Before She Beat Anorexia, Pat Boone's Daughter Cherry Nearly Starved to Death
Dan, now 34, and Cherry, 28, were married in 1975 as planned. But, as Cherry recounts in her forthcoming book, Starving for Attention (Continuum, $12.95), it took Dan two difficult years to get her the help she needed in her struggle with anorexia nervosa and bulimia, emotional eating disorders that affect nearly 100,000 young women each year.
The O'Neills now believe that part of the problem was Pat Boone himself, who made repeated efforts to help his daughter but recoiled from Dan's idea that she required psychiatric care. The singer also bristled at Dan's assertion that Cherry needed to leave the Boones' L.A. home and move in with his parents in Shelton, Wash. "I was not only fighting a father-in-law," remembers Dan. "I was fighting Pat Boone, an American institution. I was telling Mr. Cookies-and-Milk what was best for his daughter."
Actually, a more difficult adversary was Cherry herself.
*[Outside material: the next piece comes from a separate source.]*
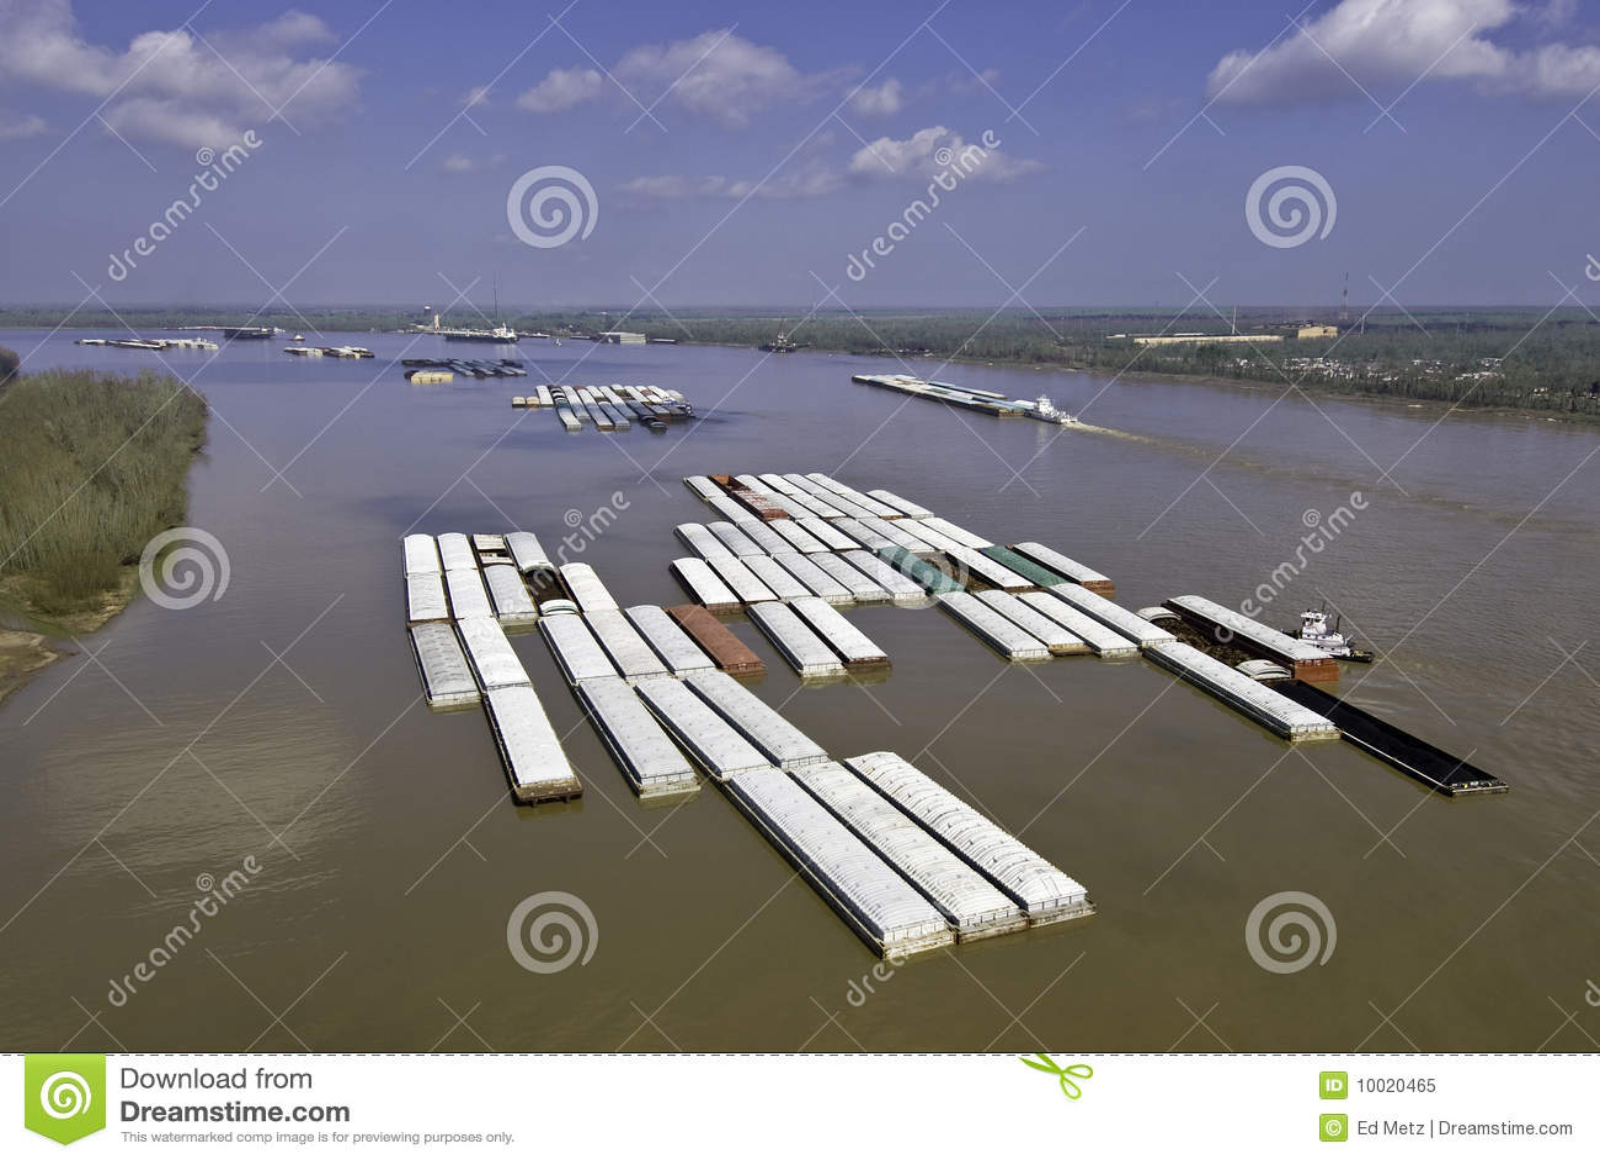 Remorquages de chaland sur le Fleuve Mississippi

The eldest of the four Boone girls, she had started performing with her father at age 5. By 1970, at 16, she was a regular on the family's stage and TV appearances. She was a natural beauty, a straight-A student at Westlake School for Girls in L.A.'s Holmby Hills, seemingly a model member of America's model family. Yet she was also subtly burdened by being Pat Boone's daughter. "He's a good father," says Cherry. "But it was the way people responded to him and the expectations they had of his children that got to me." On TV her 140 pounds on a 5'7" frame struck her as hefty, as an unsightly blemish on her father's image. "I thought my father was perfect in every way," says Cherry, "so I wanted to be perfect too."
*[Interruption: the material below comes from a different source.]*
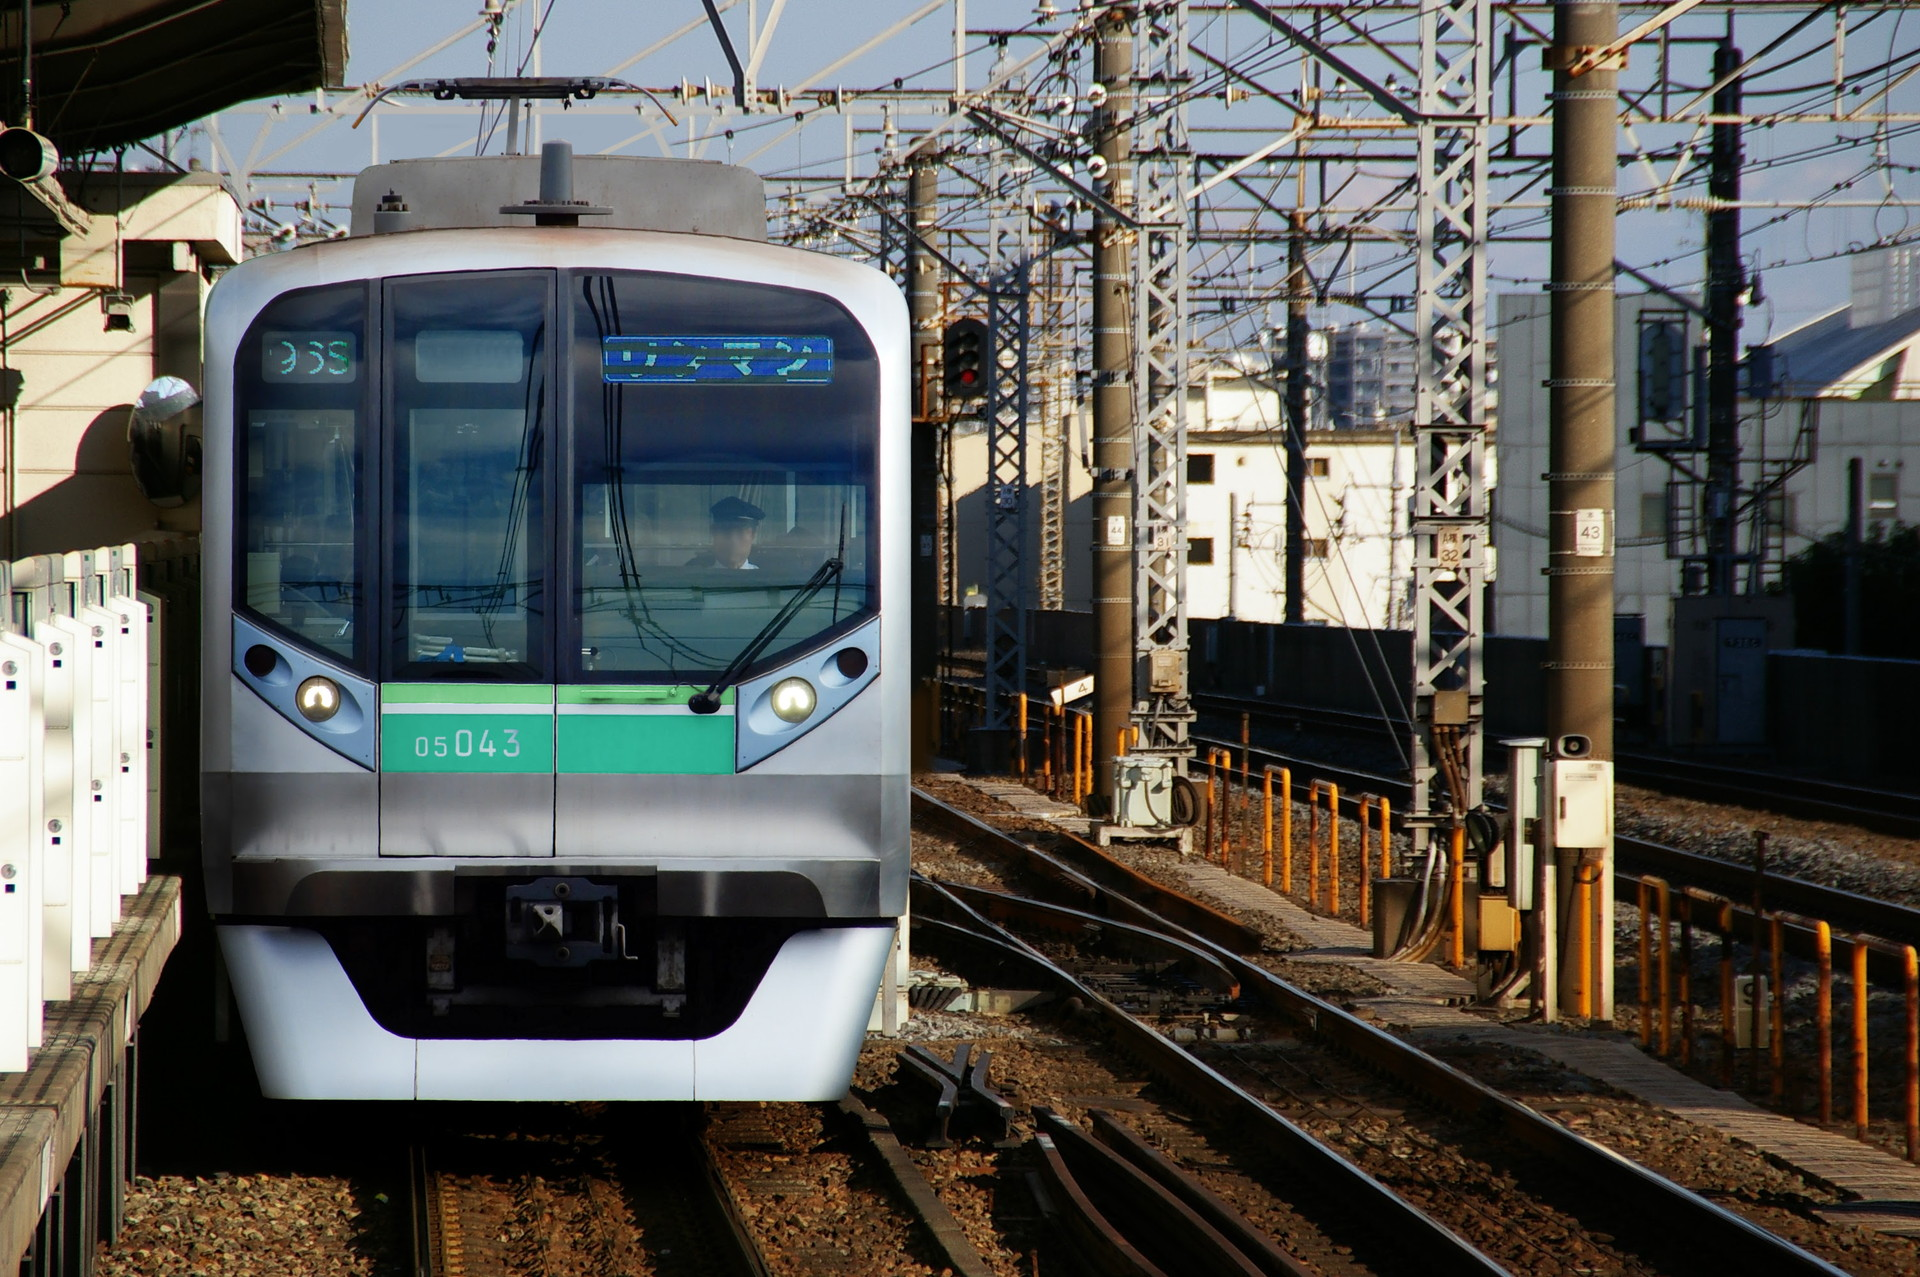 東京メトロ北綾瀬支線のN05系ウソ電

It was to "perfect" herself that she started dieting and exercising. When her parents and friends praised her new sleekness, she quit eating altogether. In her disturbed mind, as she sees it now, starving herself not only gained her attention and won praise for her father, but it also gave her a feeling of power. "I was controlling a part of my life," says Cherry, "a life which was controlled for the most part by other people."
It wasn't until she was 17 and weighed a mere 92 pounds that Pat and Shirley Boone realized there was something seriously wrong with their daughter. They insisted that she eat. Cherry responded with a life full of lies. She would gorge only to vomit. She shoplifted laxatives because she was ashamed to be seen buying quantities of them. She became addicted to diet pills—with the result that at age 18 she weighed 80 pounds and found herself lying near death in an L.A. hospital. Her parents subsequently spent thousands of dollars on doctors and institutions to fatten her up—all to no avail. "You can't beat anorexia by forcing someone to eat," says Cherry. "They will just throw it up. You have to treat the reasons why someone became anorexic in the first place."
Finally, in 1977, by which time much more was known about anorexia, Dan O'Neill prevailed. Some six months after she had started psychiatric treatment, Dr. Raymond E. Vath of Seattle had coaxed Cherry to come to grips with her feelings about herself. After seven years of near starvation, she began to eat properly. Today she weighs 110 pounds and consumes 2,000 calories a day. "I eat a lot of nuts and raisins," she says, "and I have a passion for guacamole and fried tortillas." No longer interested in showbiz, she exercises moderately, attends Mass (she and Dan converted to Roman Catholicism), addresses civic groups about anorexia, and cares for her 1-year-old daughter, Brittany.
However, she still has differences with her father. A fundamentalist Protestant, he does not fully approve of her conversion to Catholicism: "I think they have taken on a lot of excess baggage in their spiritual life." Nor is he wildly happy about her book: "I was disappointed that she had to focus on so much of the unhappiness in our family," he says. "A lot of the happy aspects sort of got left out." Despite those disputes, both Cherry and Dan, executive director of Mercy Corps International, a refugee-relief agency, insist that their ordeal has brought them closer to the Boones. "My relationship with my parents is healthier than before because I'm my own person," says Cherry. "My identity no longer rises and falls with the Pat Boone family."